Sounds like you have a blocked or partially blocked idle jet.
Its not getting enough fuel through the jet.

Of the four jets you see in the middle of the carb with the air cleaner cover off its the slotted screw head furthest away.
Undo it and take it out - you need tweezers or long nosed pliers - blow out with compressed air if you have a compressor, thats both the jet and the carb.
Blow down the carb carefully as fuel will spray everywhere.

If not remove the jet from the threaded holder and look through it to see if its clear, blow it through with your mouth (my method) or if you don't fancy doing it that way use your WD40 can and with the straw blast it through then put it back together, pop it back in the carb tightening it until it just seats - don't tighten fully yet.
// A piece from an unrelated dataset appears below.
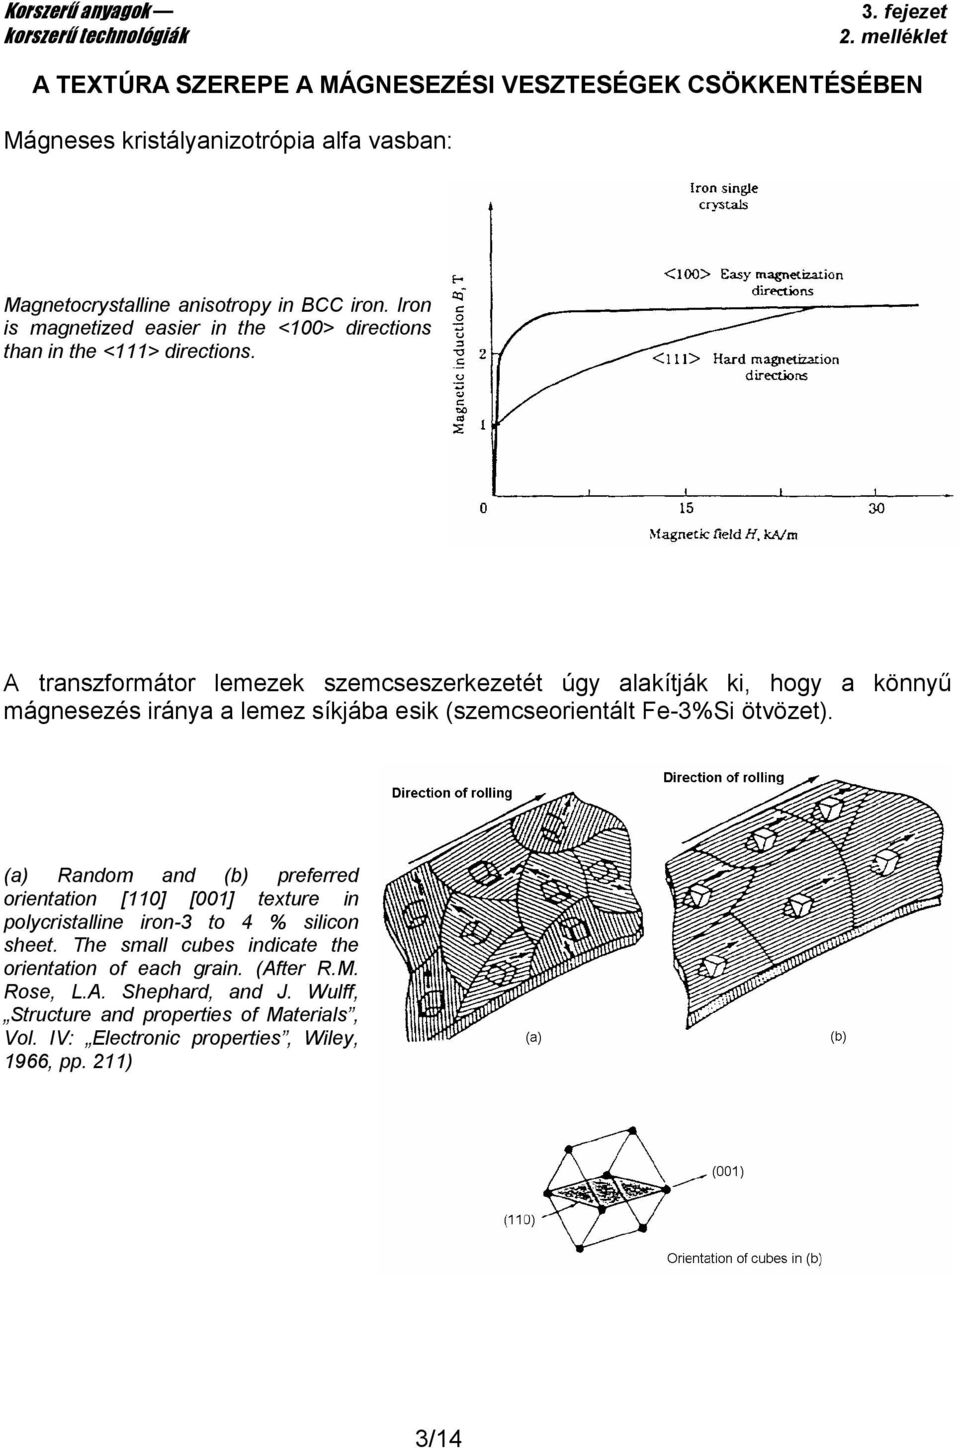 A transzformátor lemezek szemcseszerkezetét úgy alakítják ki, hogy a könnyő mágnesezés iránya a lemez síkjába esik (szemcseorientált Fe-3%Si ötvözet).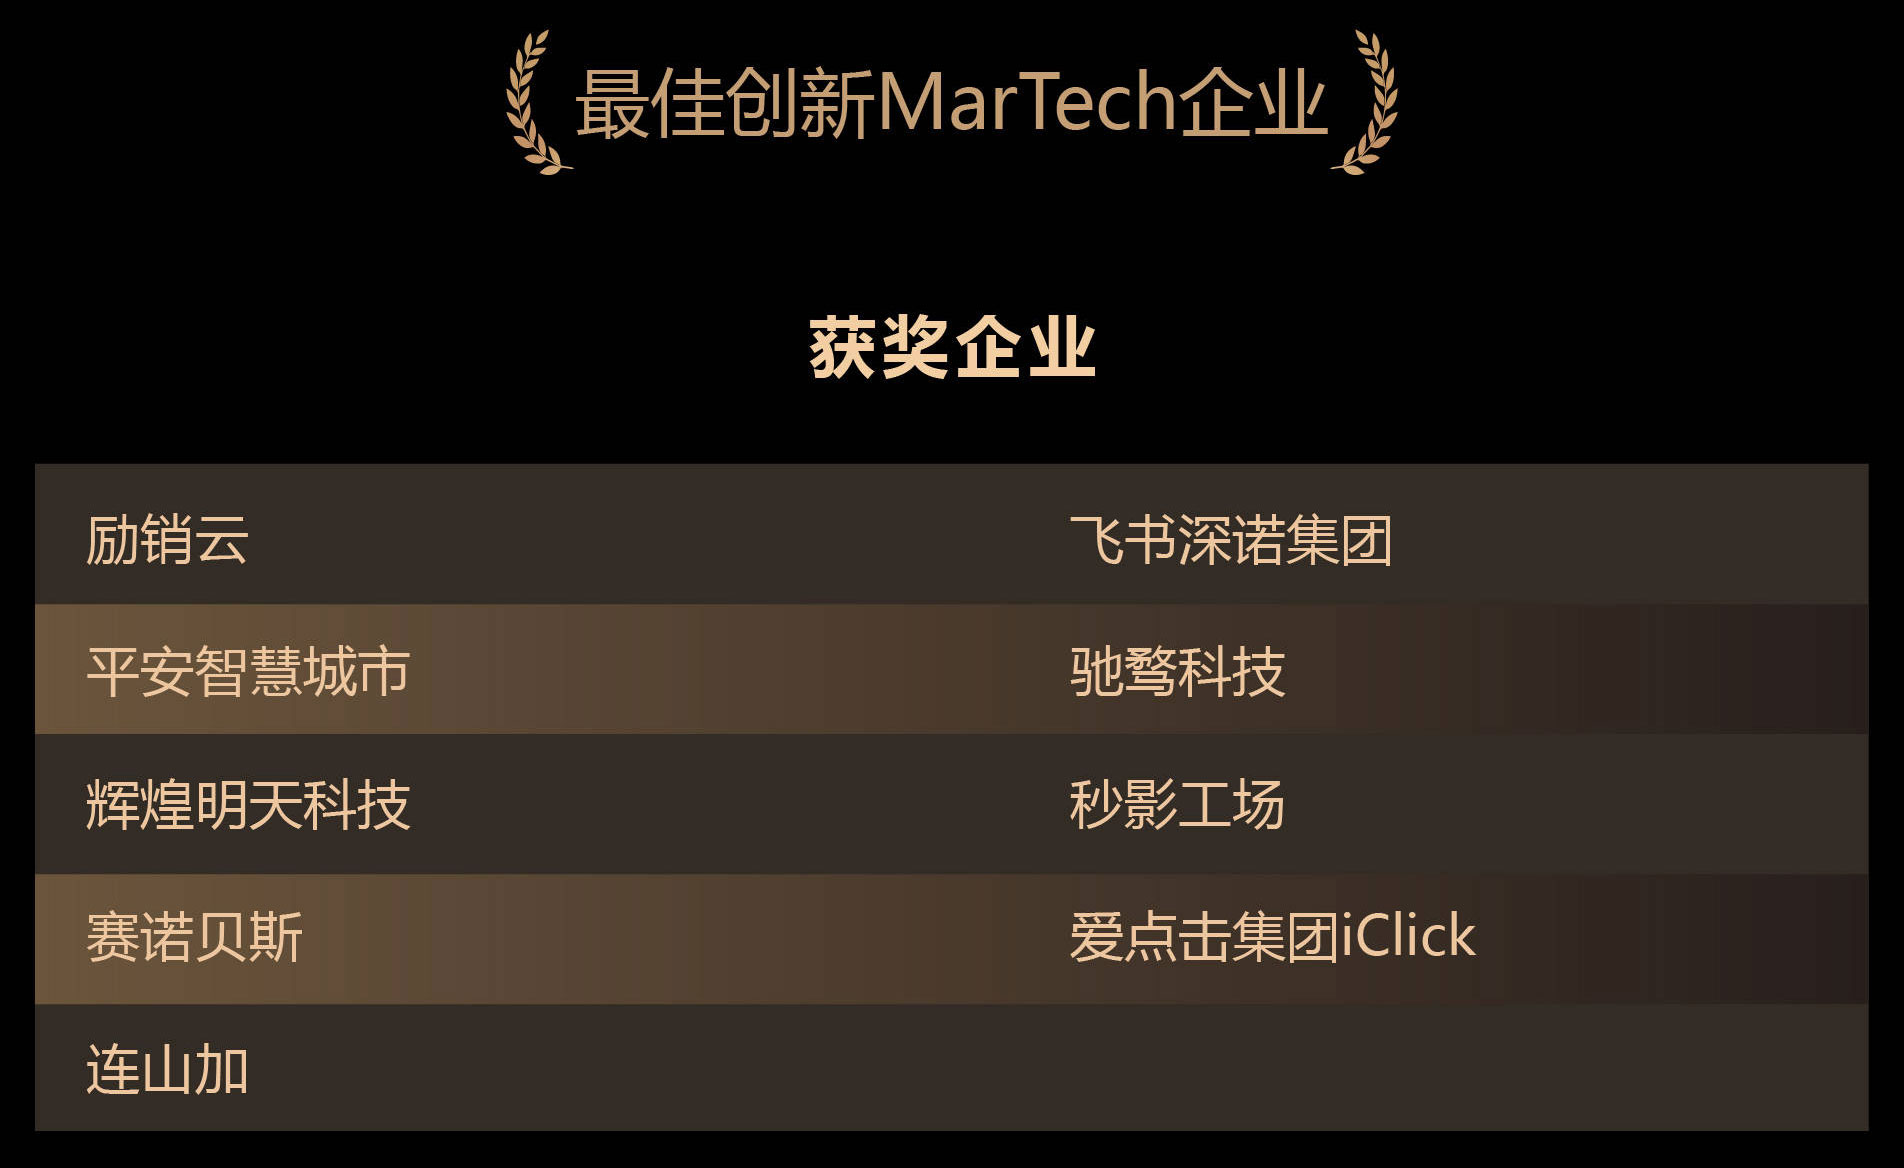 飞书深诺集团获金瑞营销奖2021年度最佳创新MarTech企业

Run the engine, with your right hand hold the revs around 3000 rpm and with your left unscrew the jet about half a turn and then re tighten it up - point of this is to flush any debris left through ... try it it works.

If you have cleared it correctly your idle speed should return to where it was originally, should be about 900 to 1000 rpm.
If you want to reset it turn the hexagonal headed bolt on the throttle lever (only one on it) clockwise to raise the revs or anti clockwise to lower it.

Yes carbs can be a pain (imagine 40's!) if you use the car every day they stay pretty clear but its when its laid up that causes the problems.
Now you know why they went the injection route.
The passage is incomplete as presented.